The skeleton query would likely use a CTE such as active_user_days with SELECT DISTINCT user_id, DATE(event_time) AS ds FROM events WHERE event_type IN (...), followed by a join to a user or location table. If the country table has multiple rows per user over time, the candidate should avoid a naive join and instead choose the country valid at the event date, often with ROW_NUMBER() over location records or an effective-date join. A specific tradeoff to flag is whether to use COUNT(DISTINCT user_id) directly on raw events versus pre-deduplicating user-days first; pre-deduplication is safer for avoiding fanout and often cheaper when joined downstream. The candidate should mention edge cases: null country, deleted users, bots/internal traffic, late-arriving events, and users who travel during the day. A strong close would be: “If I had more time, I’d validate the query by comparing total DAU before and after the country join, checking for fanout, and reconciling against a trusted metrics table.”

A second angle

7-Day Rolling Retention

The same concepts apply, but the framing shifts from counting activity to comparing a cohort against future behavior. A candidate should define the cohort grain first, usually one row per user signup date or first active date, then join or window over future activity dates to determine whether the user returned within days 1 through 7. The main risk is double-counting users who return multiple times, so the query should reduce activity to distinct user_id, active_date before computing retention. A window function can help find the first activity date with MIN(active_date) OVER (PARTITION BY user_id), while conditional aggregation computes retained users by cohort. Unlike DAU, the denominator is fixed at cohort creation time, so using only users who have later events would bias the retention rate upward.

Common pitfalls

Analytical mistake: ignoring fanout. A tempting wrong answer is to join users to events to purchases and then run COUNT(user_id) or SUM(revenue) without checking row multiplication. A better answer states the grain after each join and pre-aggregates purchases or events before joining, then validates that row counts behave as expected.
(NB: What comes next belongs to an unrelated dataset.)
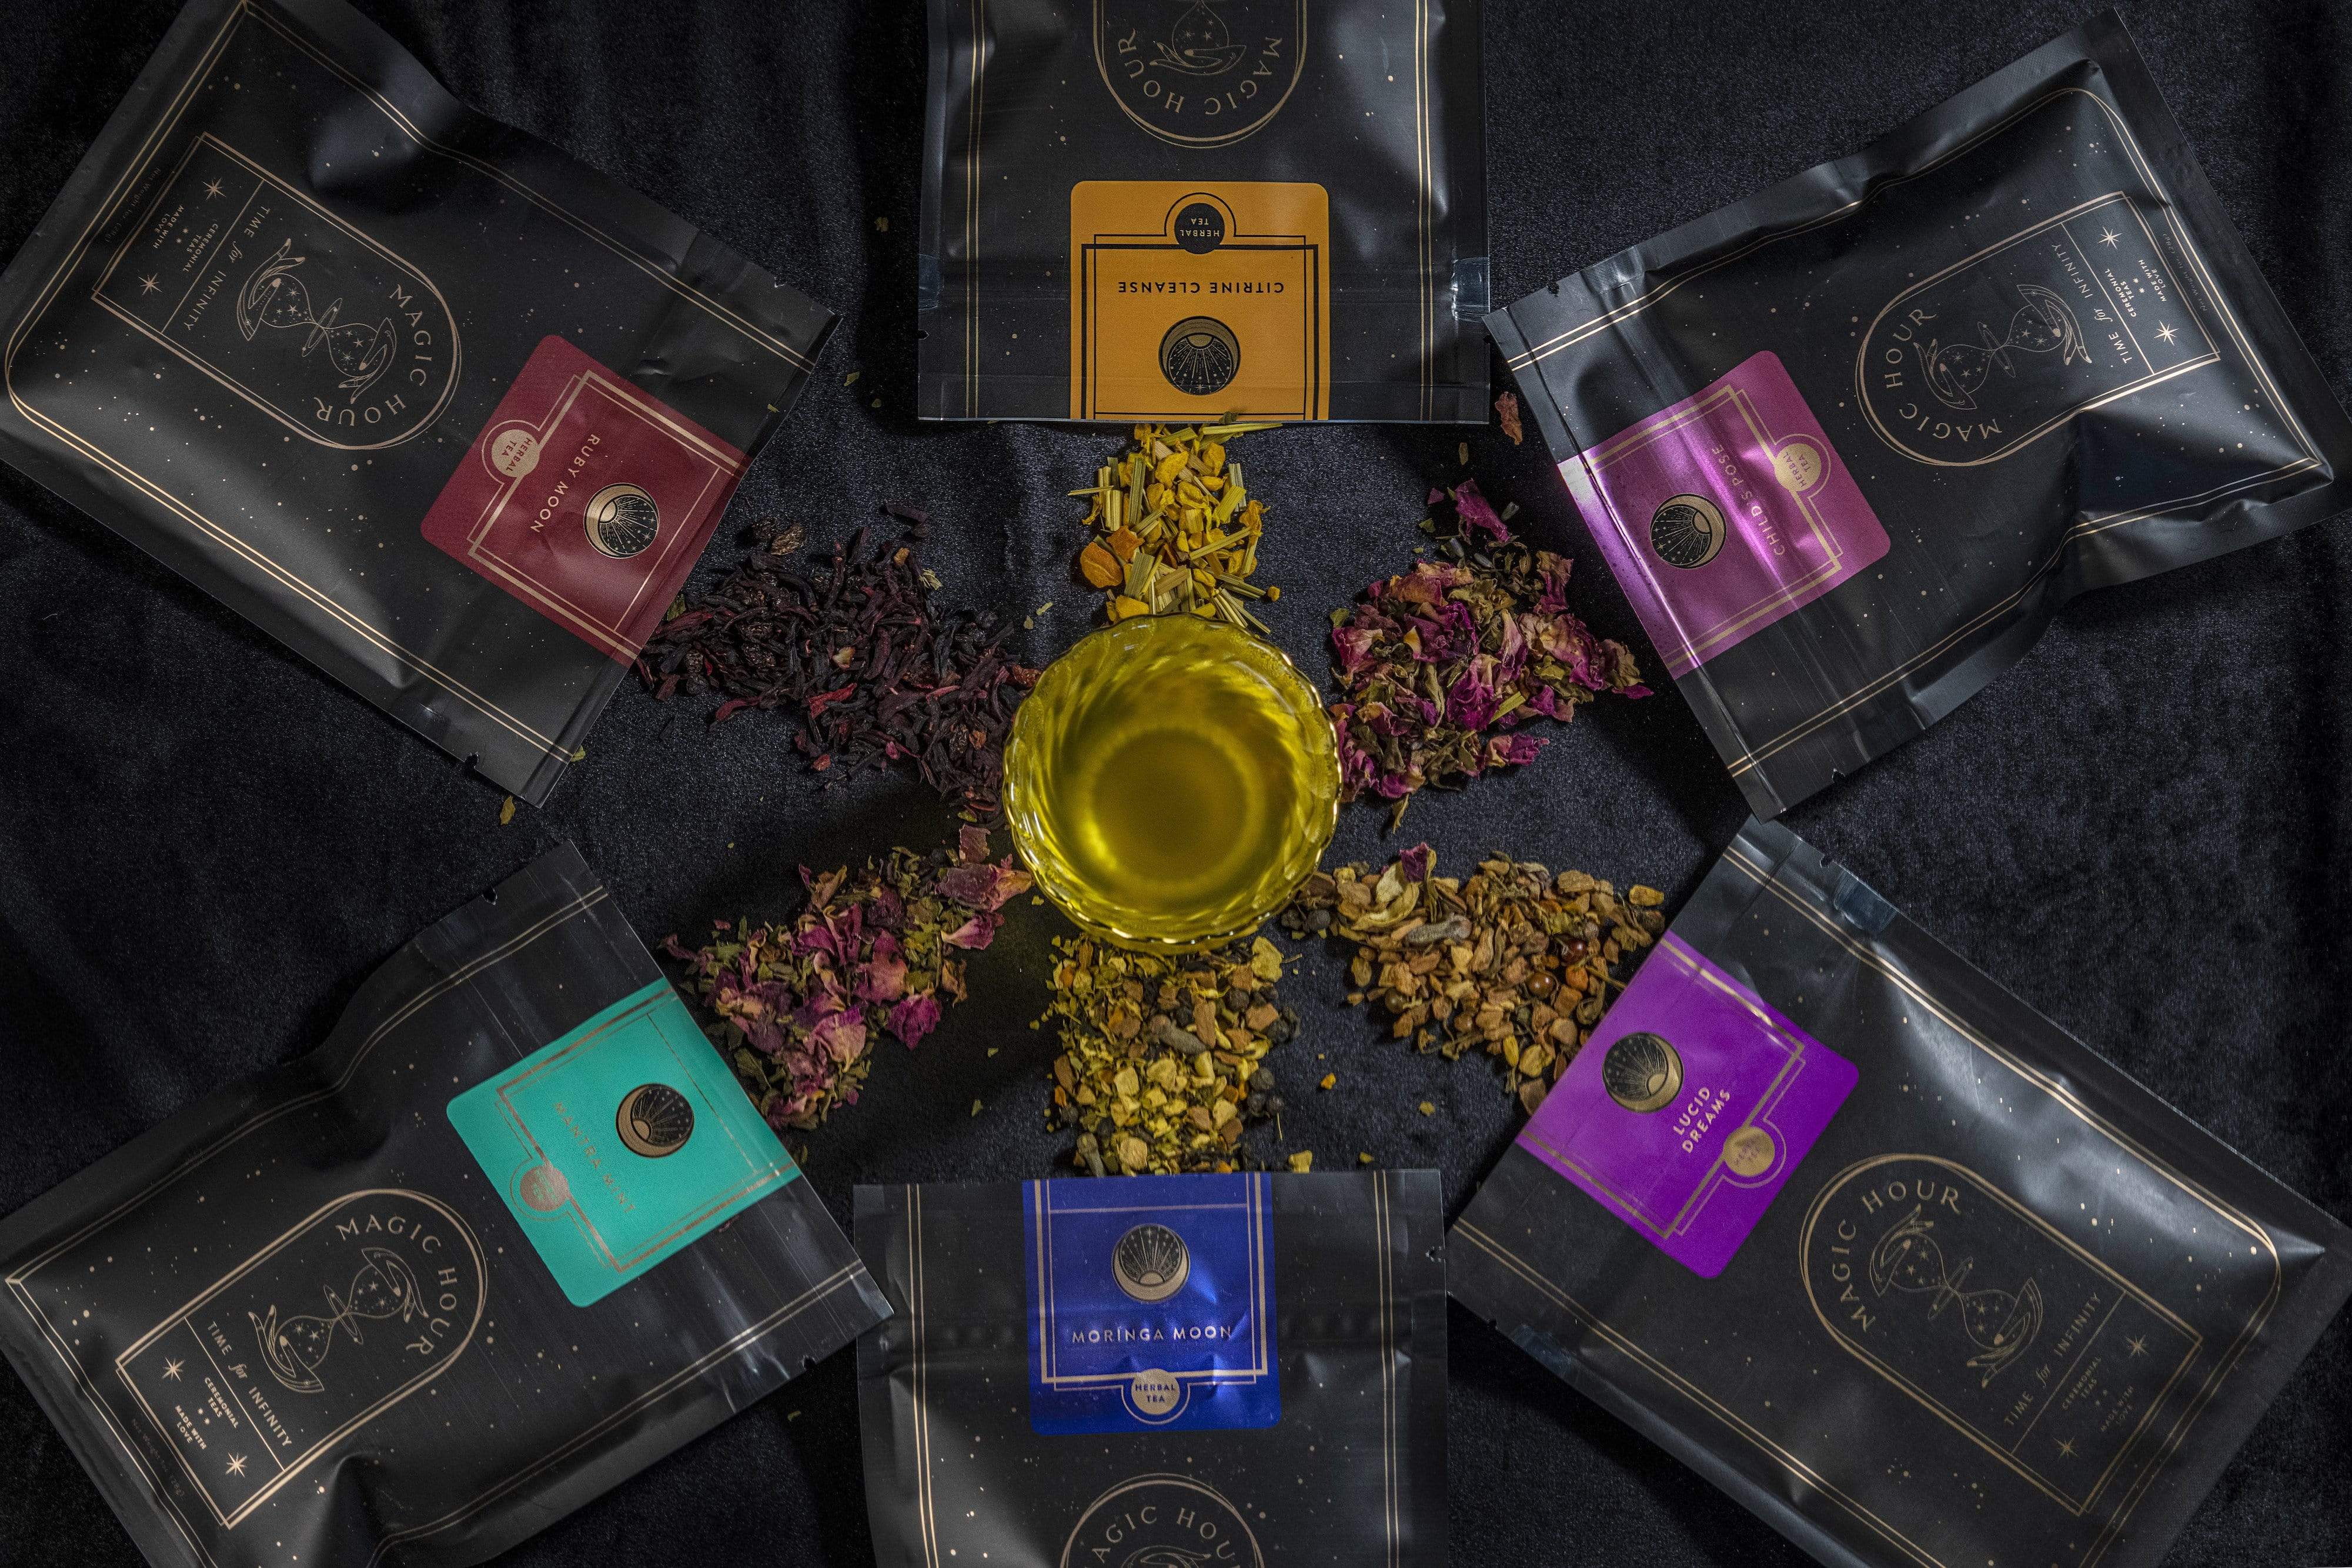 Self-Guided 8 Day Ceremonial Tea Cleanse Kit
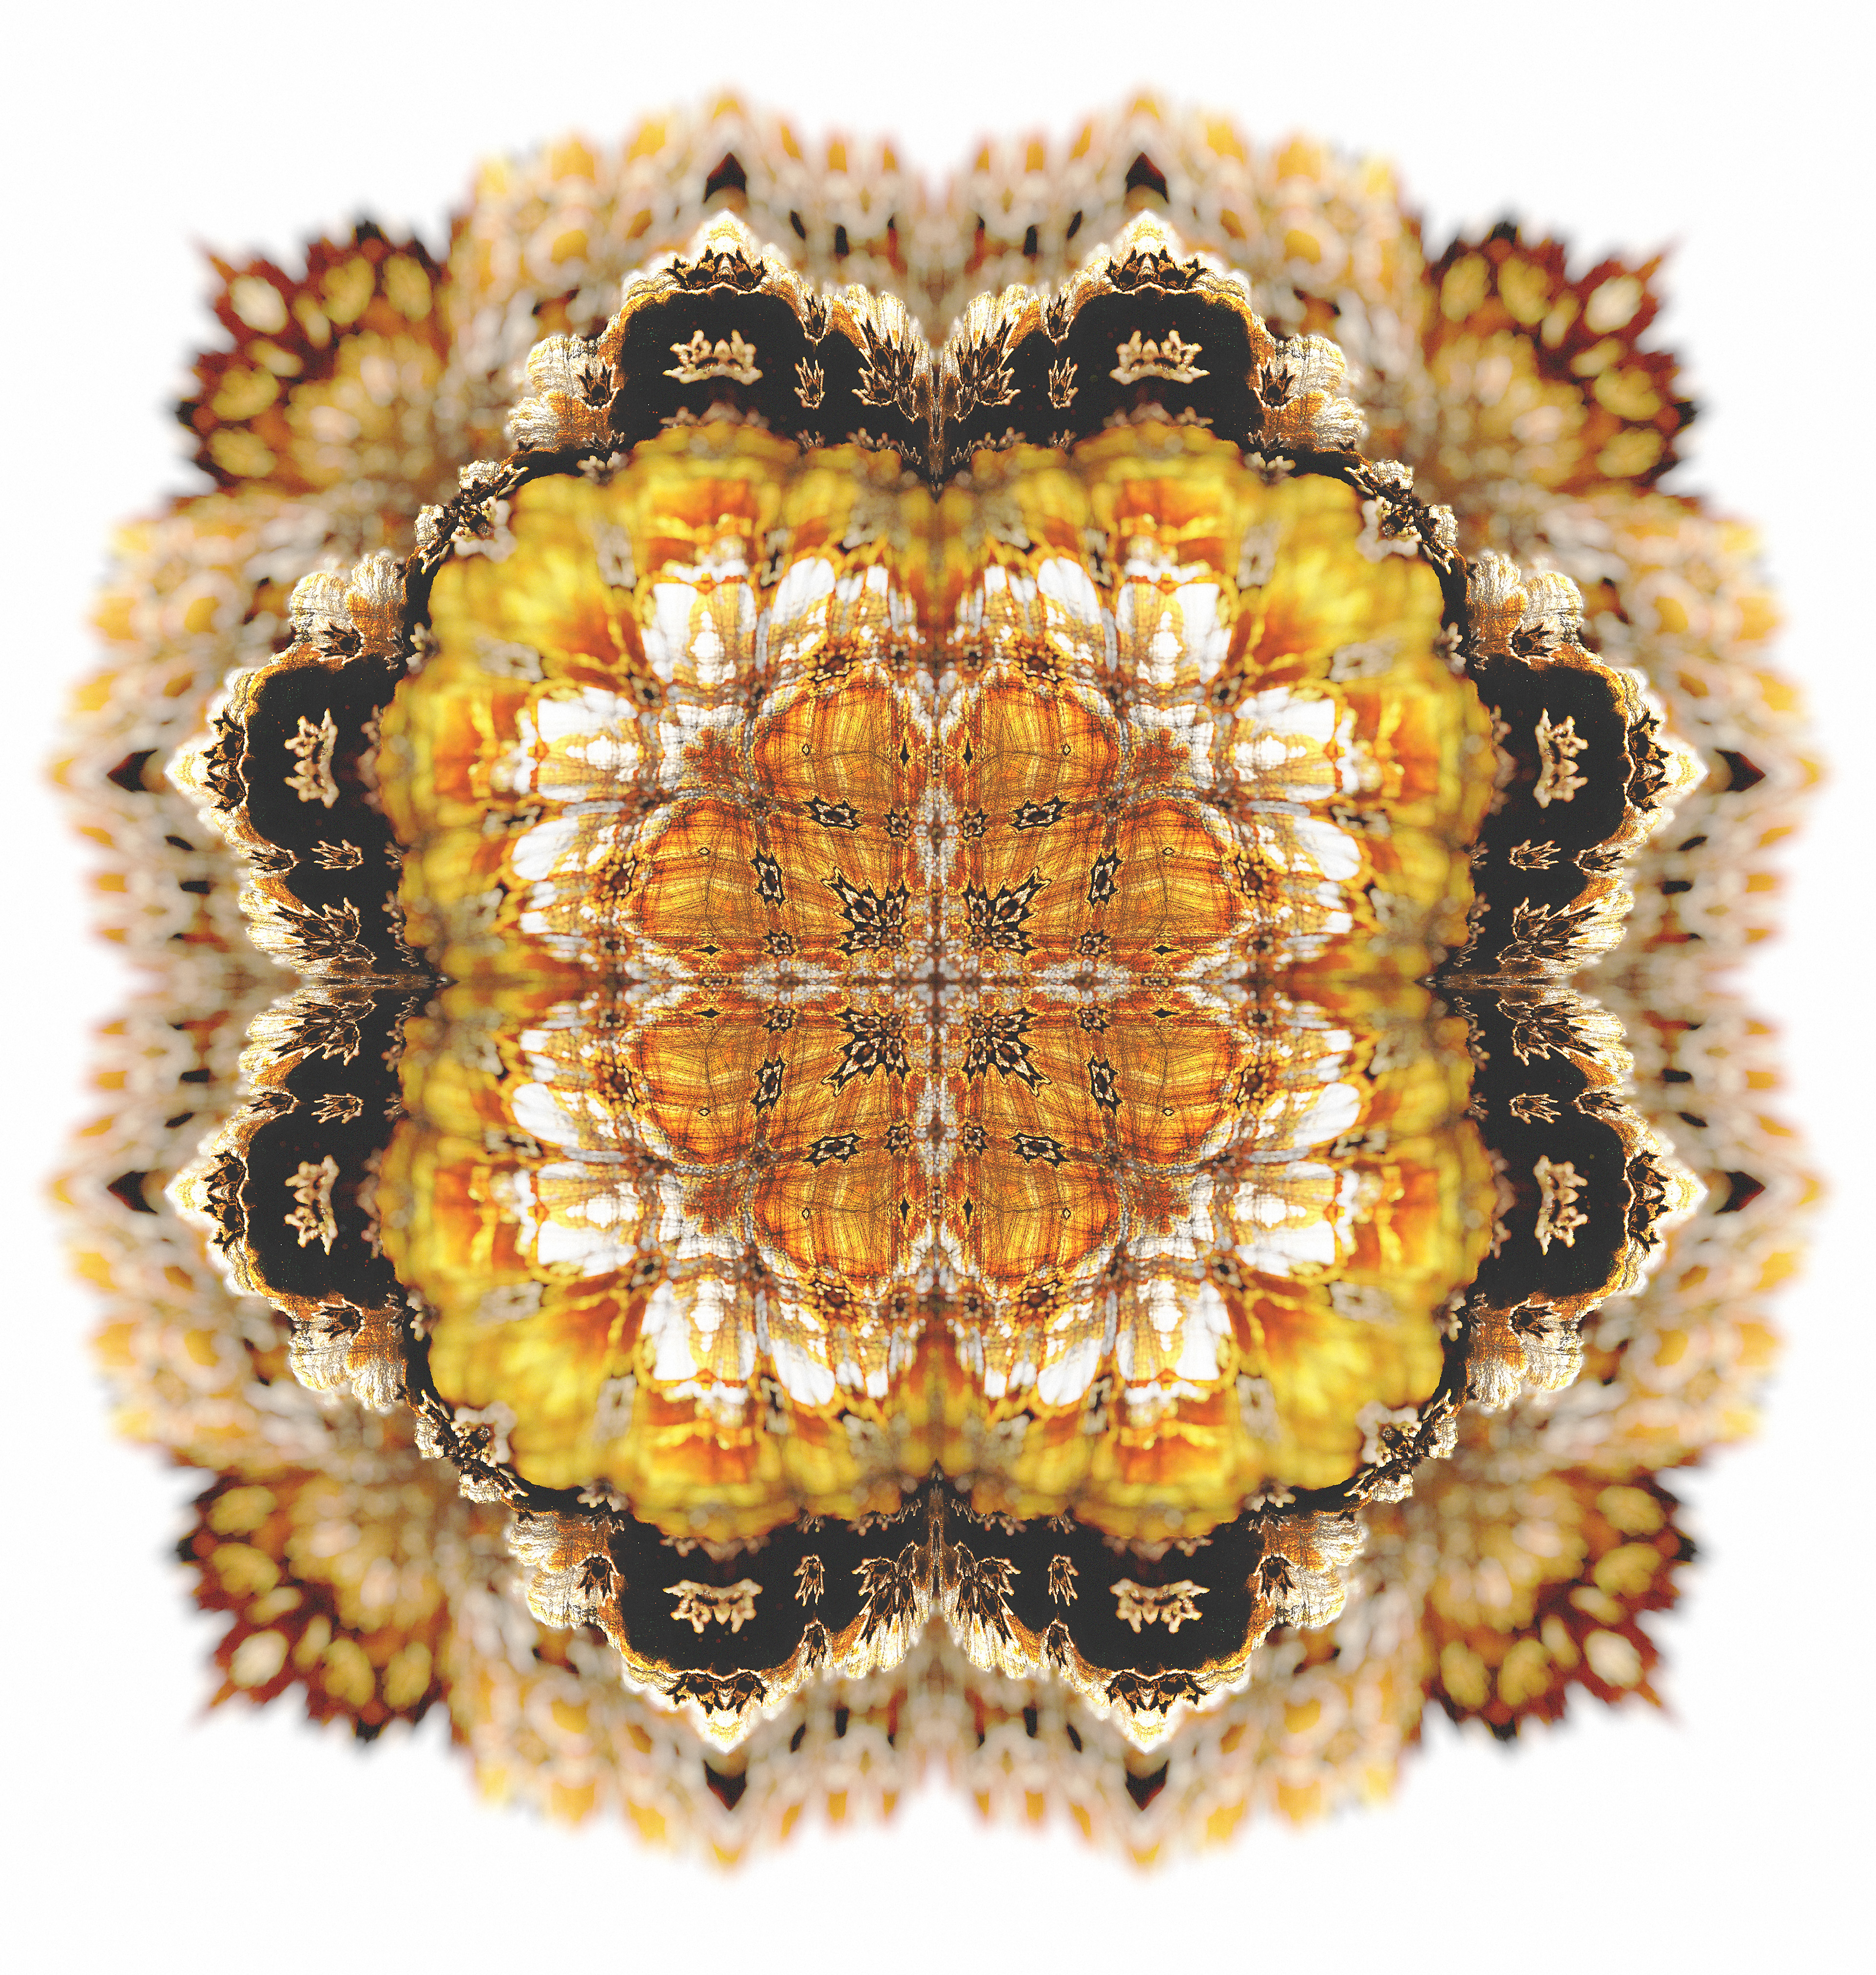 Abstract art resembling a bright yellow flower with black accents

Communication mistake: writing SQL before defining the metric. Candidates often jump straight into SELECT date, COUNT(DISTINCT user_id) without clarifying “active,” timezone, denominator, or whether bots/test users are excluded. At Meta, the interviewer wants to see metric ownership: define assumptions aloud, then write SQL consistent with those assumptions.

Depth mistake: using window functions mechanically. ROW_NUMBER() is powerful, but using it without explaining tie-breakers can produce nondeterministic results. If two records have the same timestamp, specify a stable secondary order such as ORDER BY event_time DESC, ingestion_time DESC, event_id DESC, and explain why that row should win.

Connections

Interviewers can pivot from this topic into metric design, experimentation analysis, data quality, and product sense. Expect follow-ups on cohort retention, A/B test guardrail metrics, logging reliability, Simpson’s paradox in aggregated metrics, or approximate counting methods such as HyperLogLog.